● ASSIGNED TASK
Starting at the line that contains "Riyogems 1PC Blue", write out each line through the end of the data below, exactly as it stands. Skip any pictures.
(Beginning of SUPPLIED DATA)
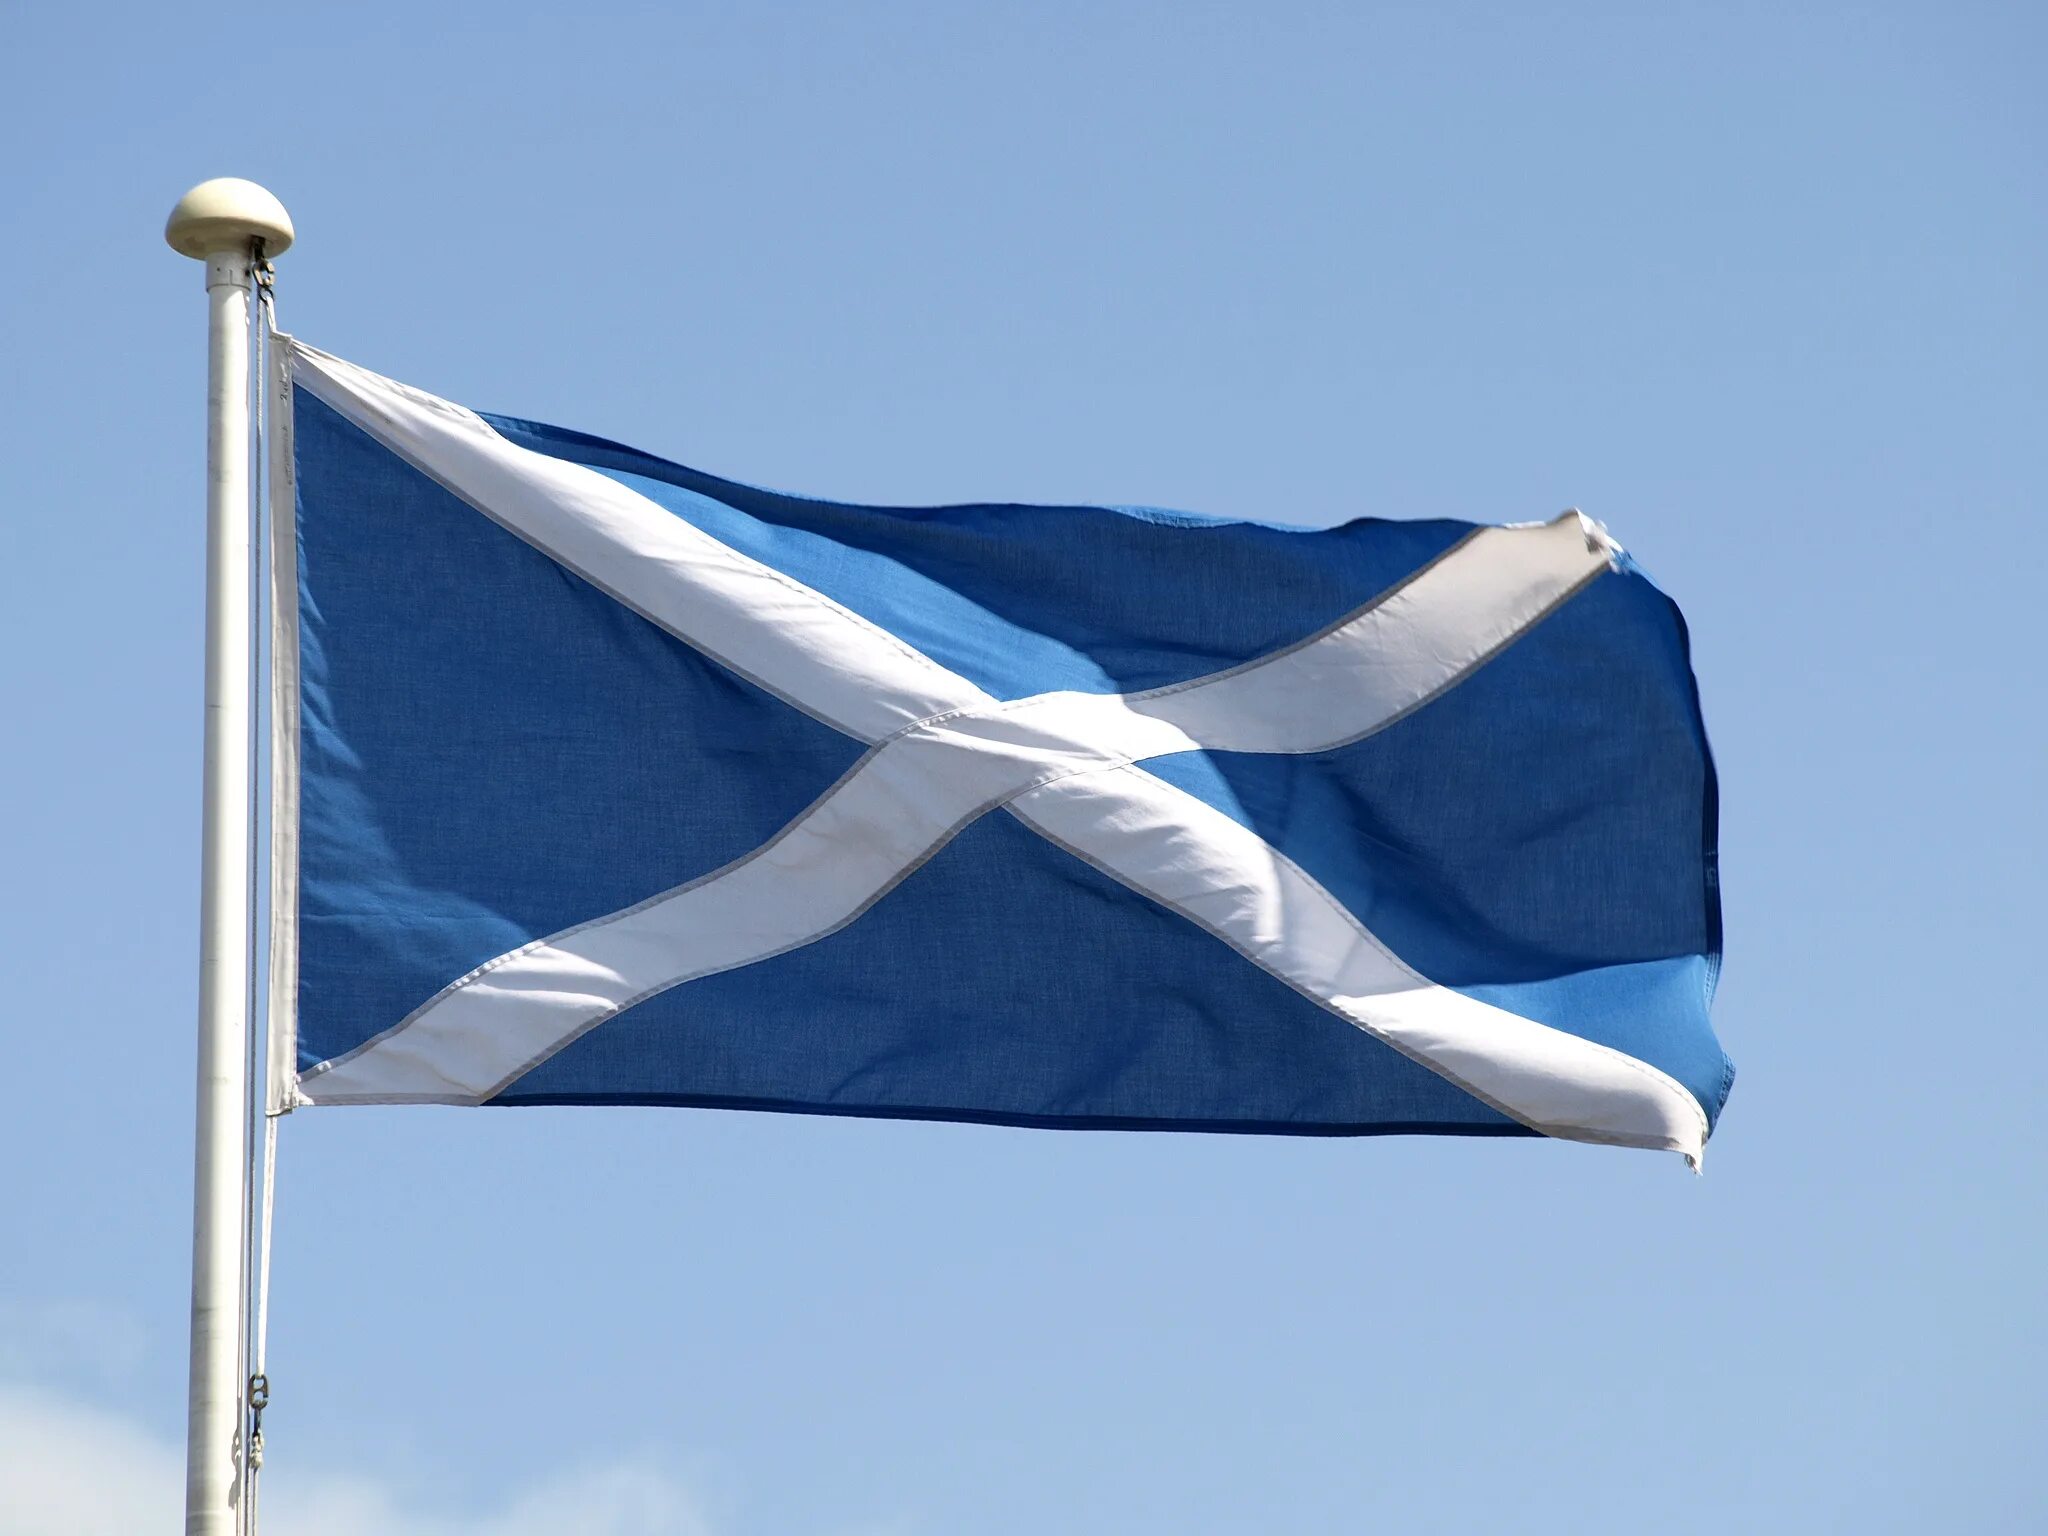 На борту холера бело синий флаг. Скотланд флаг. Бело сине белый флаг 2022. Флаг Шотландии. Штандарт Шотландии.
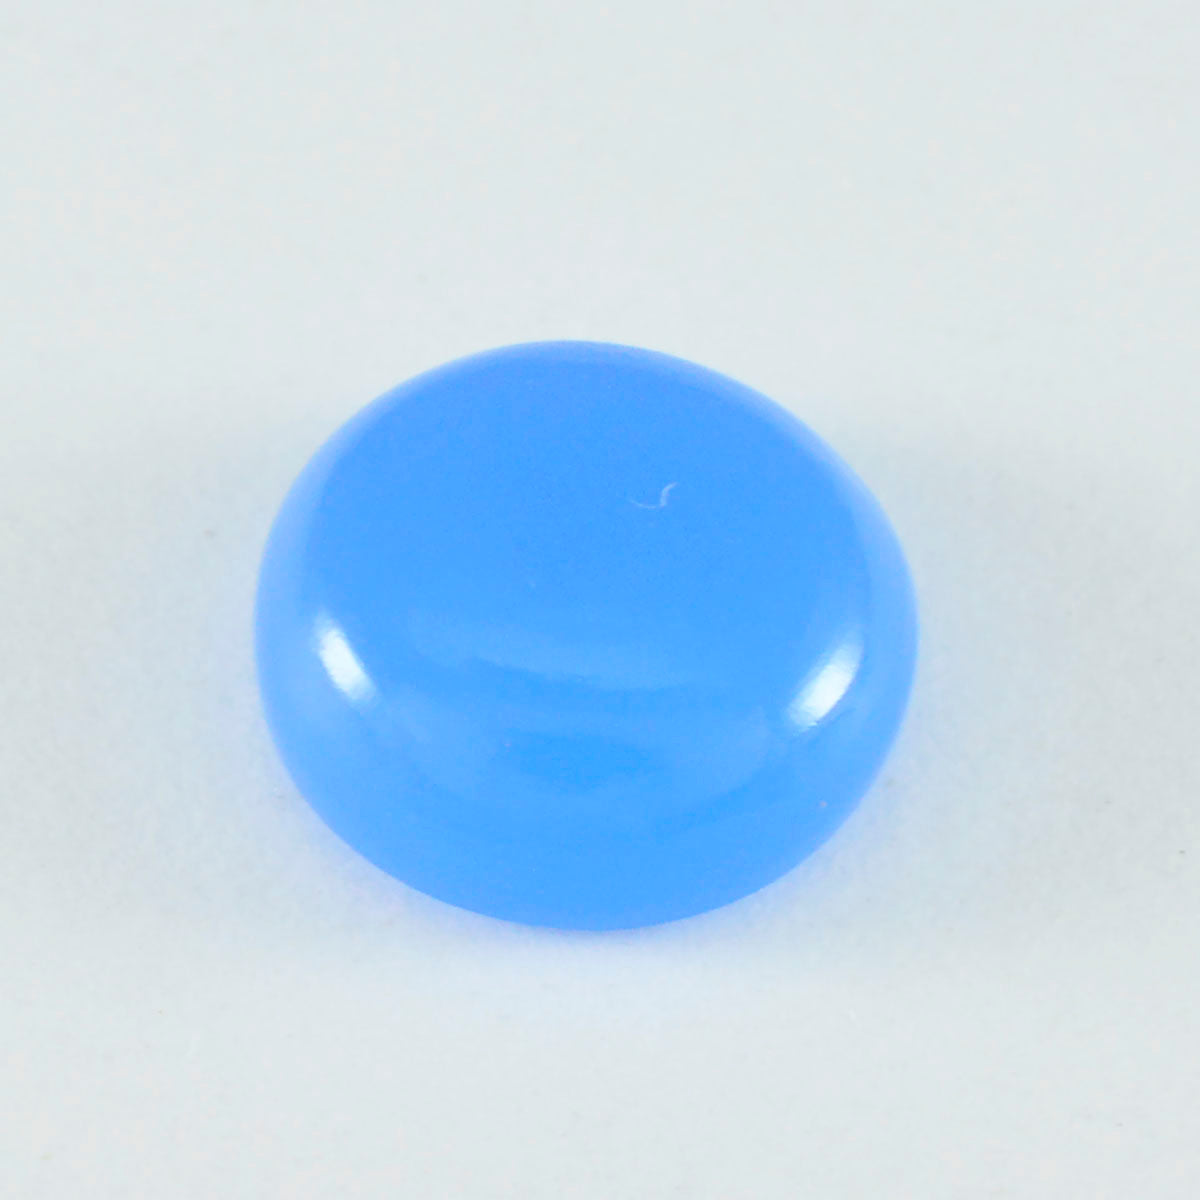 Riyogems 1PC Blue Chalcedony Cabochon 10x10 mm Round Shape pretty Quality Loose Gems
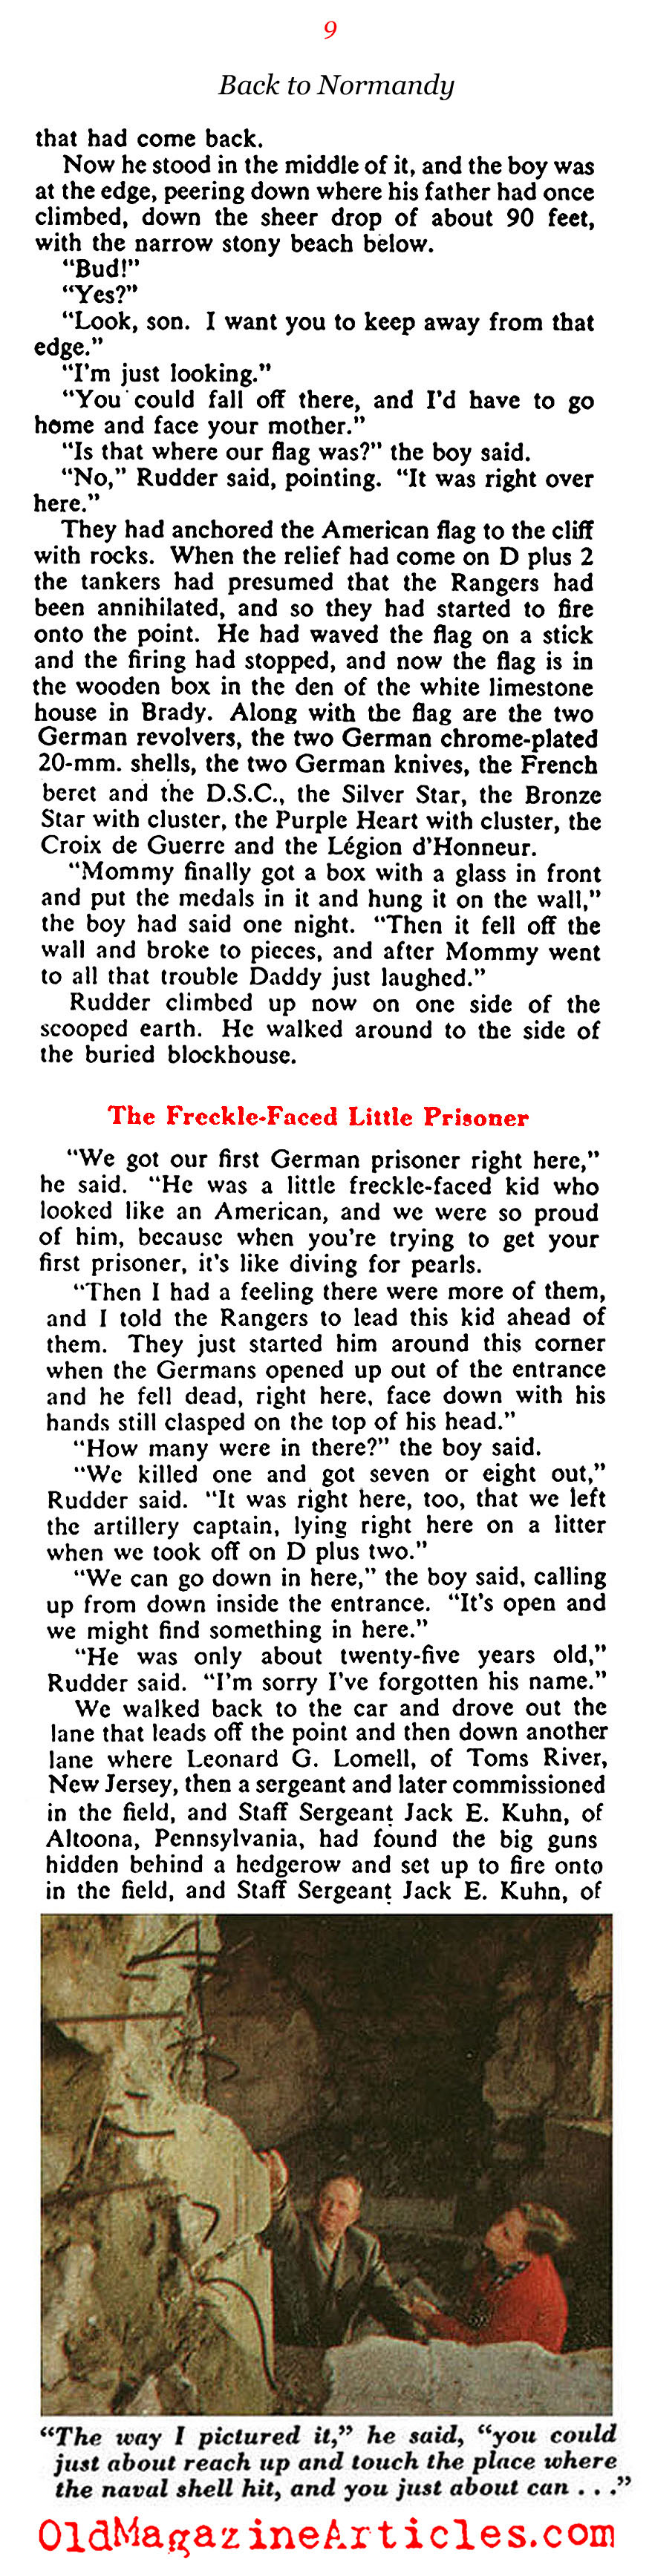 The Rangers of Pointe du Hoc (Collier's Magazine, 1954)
(End of SUPPLIED DATA)
● RESULT BELOW
 Riyogems 1PC Blue Chalcedony Cabochon 10x10 mm Round Shape pretty Quality Loose Gems
 The Rangers of Pointe du Hoc (Collier's Magazine, 1954)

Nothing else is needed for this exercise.